Several bands, both large and small, were graced by Charles Mingus’ presence throughout the 1950’s, and he even played with one of his earliest influences, Duke Ellington. It was in this decade that he was to establish himself as a composer, drawing from influences such as Gospel music and Ellington ensemble sound.

Mingus began to hold “Jazz workshops” which enabled young composers to have their new works performed in concert and on recordings, and ranged from four to eleven pieces.

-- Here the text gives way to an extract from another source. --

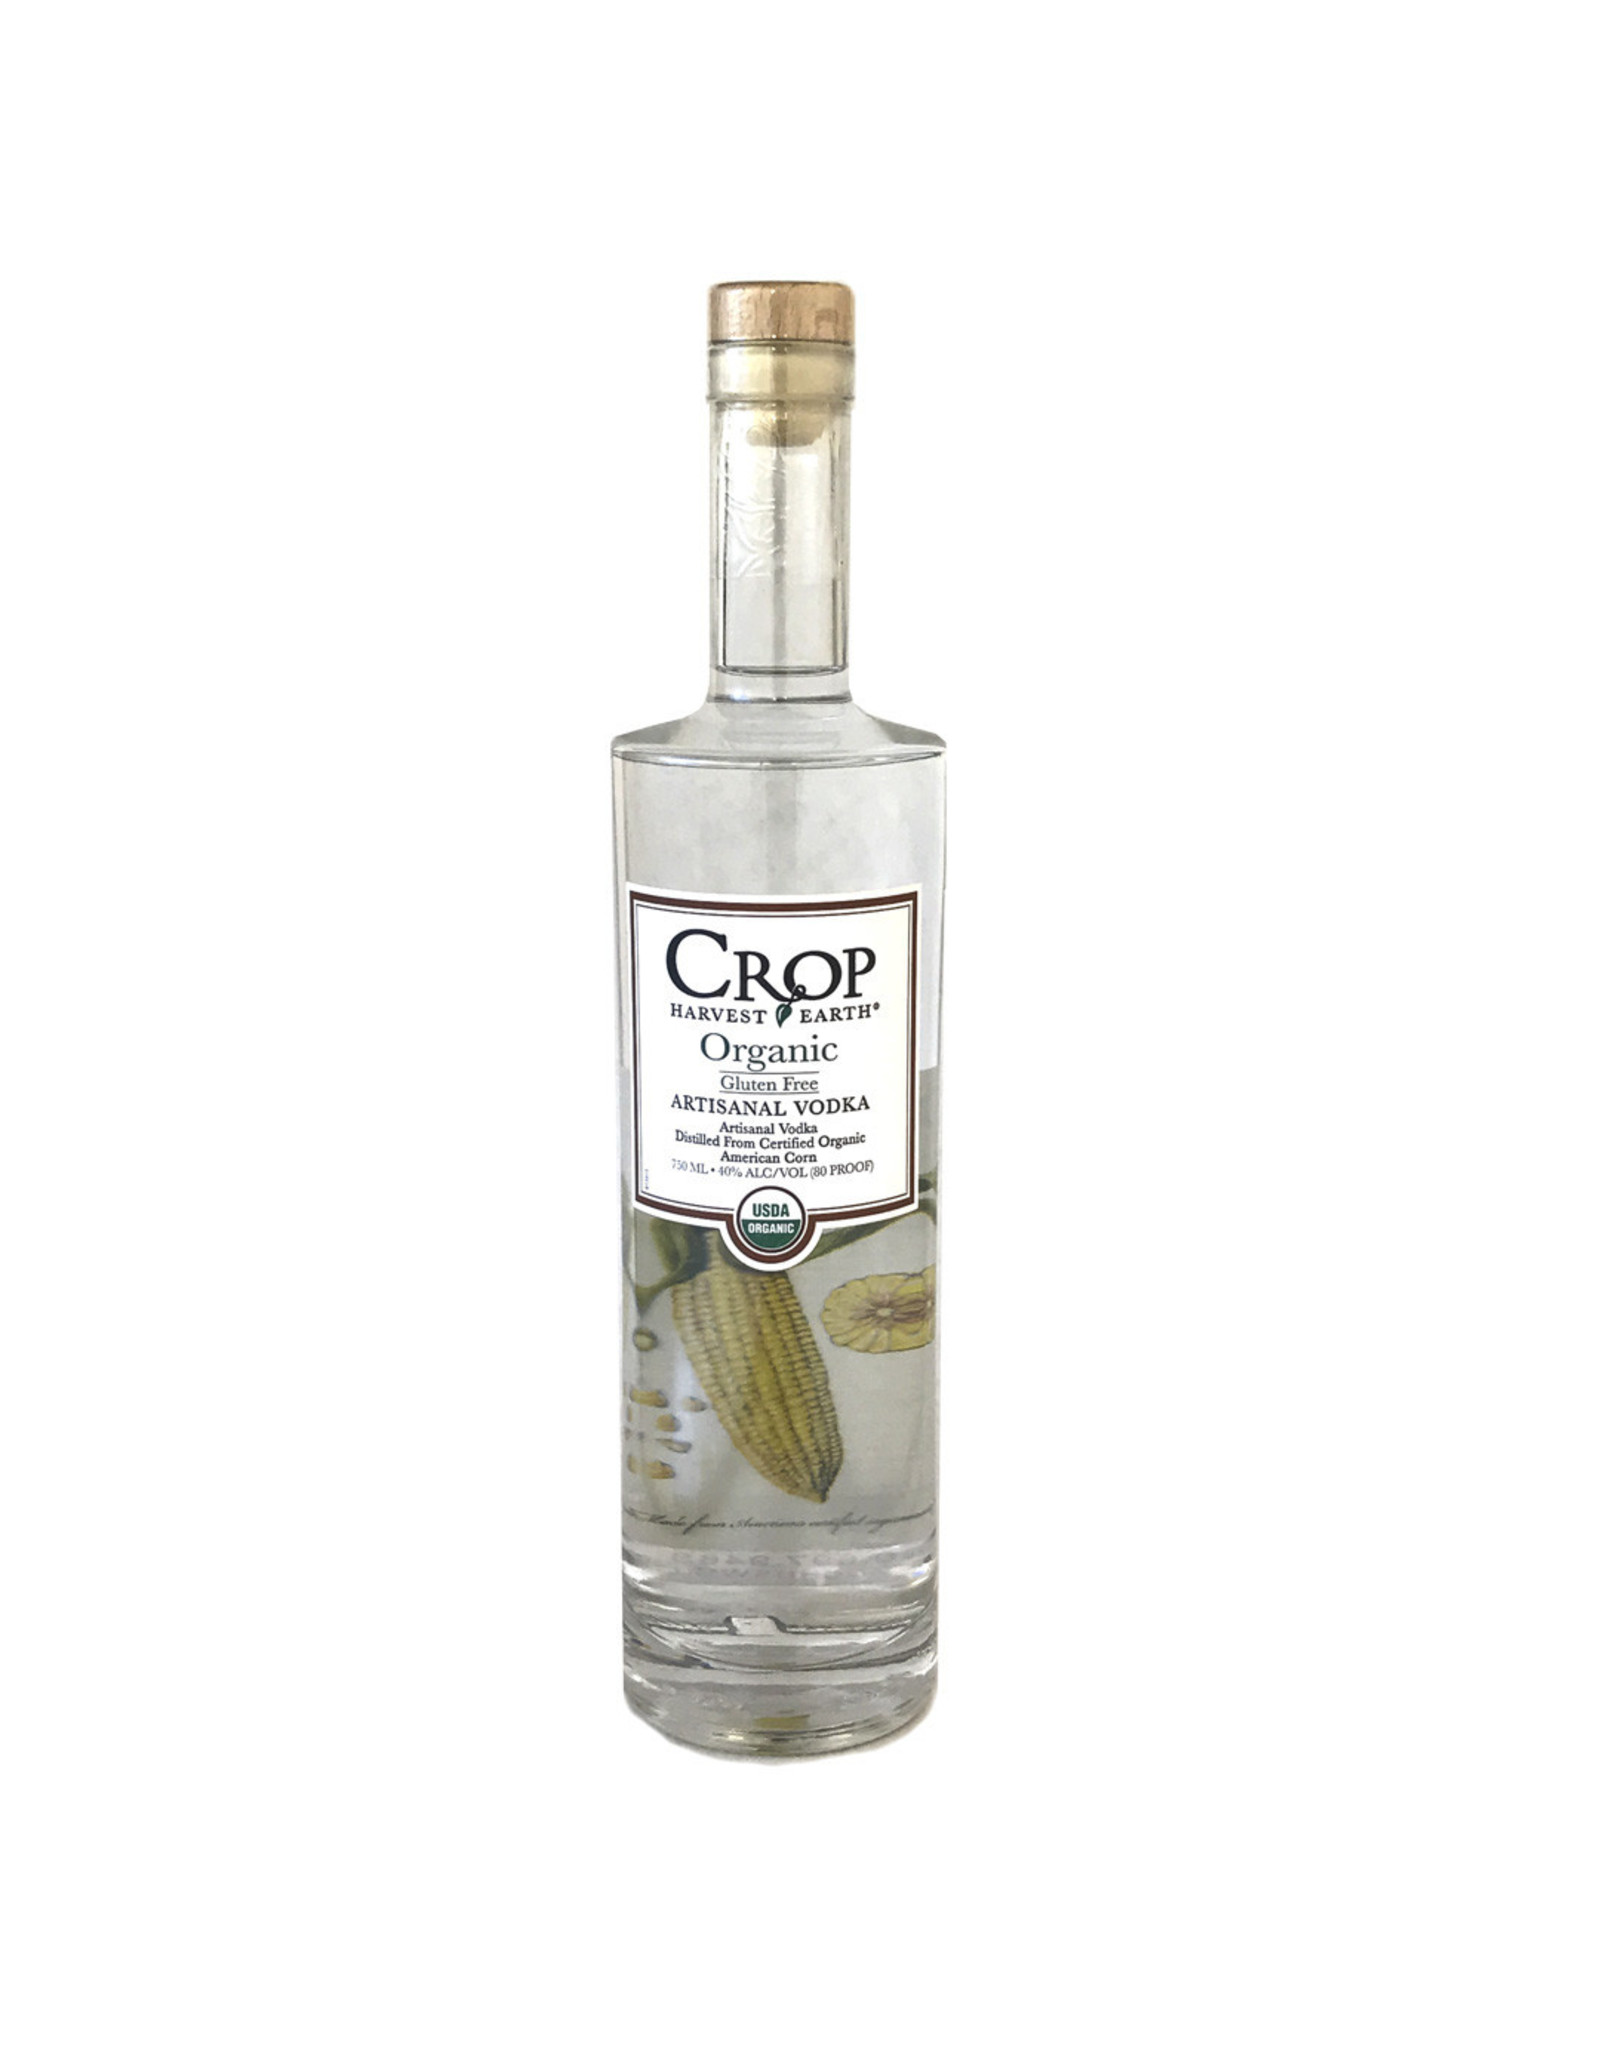 Crop Artisanal Organic Vodka

He became a leader of bands because he believed the double bass to be as worthy as any other instrument, and therefore at the forefront of the music. It was through this belief that Charles Mingus developed “conversational” approach to music, where the supporting instruments would respond to the music of his double bass, as if in conversation. This approach often meant a lot of improvisation, which Mingus was a fan of. It led to some of his best work as a jazz bass player, and it is testament to his character that, although frowned upon by other members of the jazz fraternity, he persevered with that style.

From the mid sixties onwards Charles Mingus suffered from a deterioration in both physical and mental health, and it was at this time that he had a complete break from music. However, he made a comeback in the early seventies coinciding with the release of his autobiography – Beneath The Underdog. He toured all over the World, as a double bass player, up until 1977 when he was diagnosed with Lou Gehrig’s disease, which affected the nervous system. Bravely he continued working, even when confined to a wheelchair, and died in 1979 unable to help in the completion of a project with Joni Mitchell.

Mingus’ masterpiece, “Epitaph”, so called because he never believed it would be performed until after his death, was performed on the tenth anniversary of it by a thirty-piece band. It was highly critically acclaimed, with the New Yorker saying it “ranked with the most memorable jazz events of the decade. A clue to what a masterful jazz bass player he was lies in the fact that his entire lifeworks of scores and memorabilia are in the possession of the Library of Congress.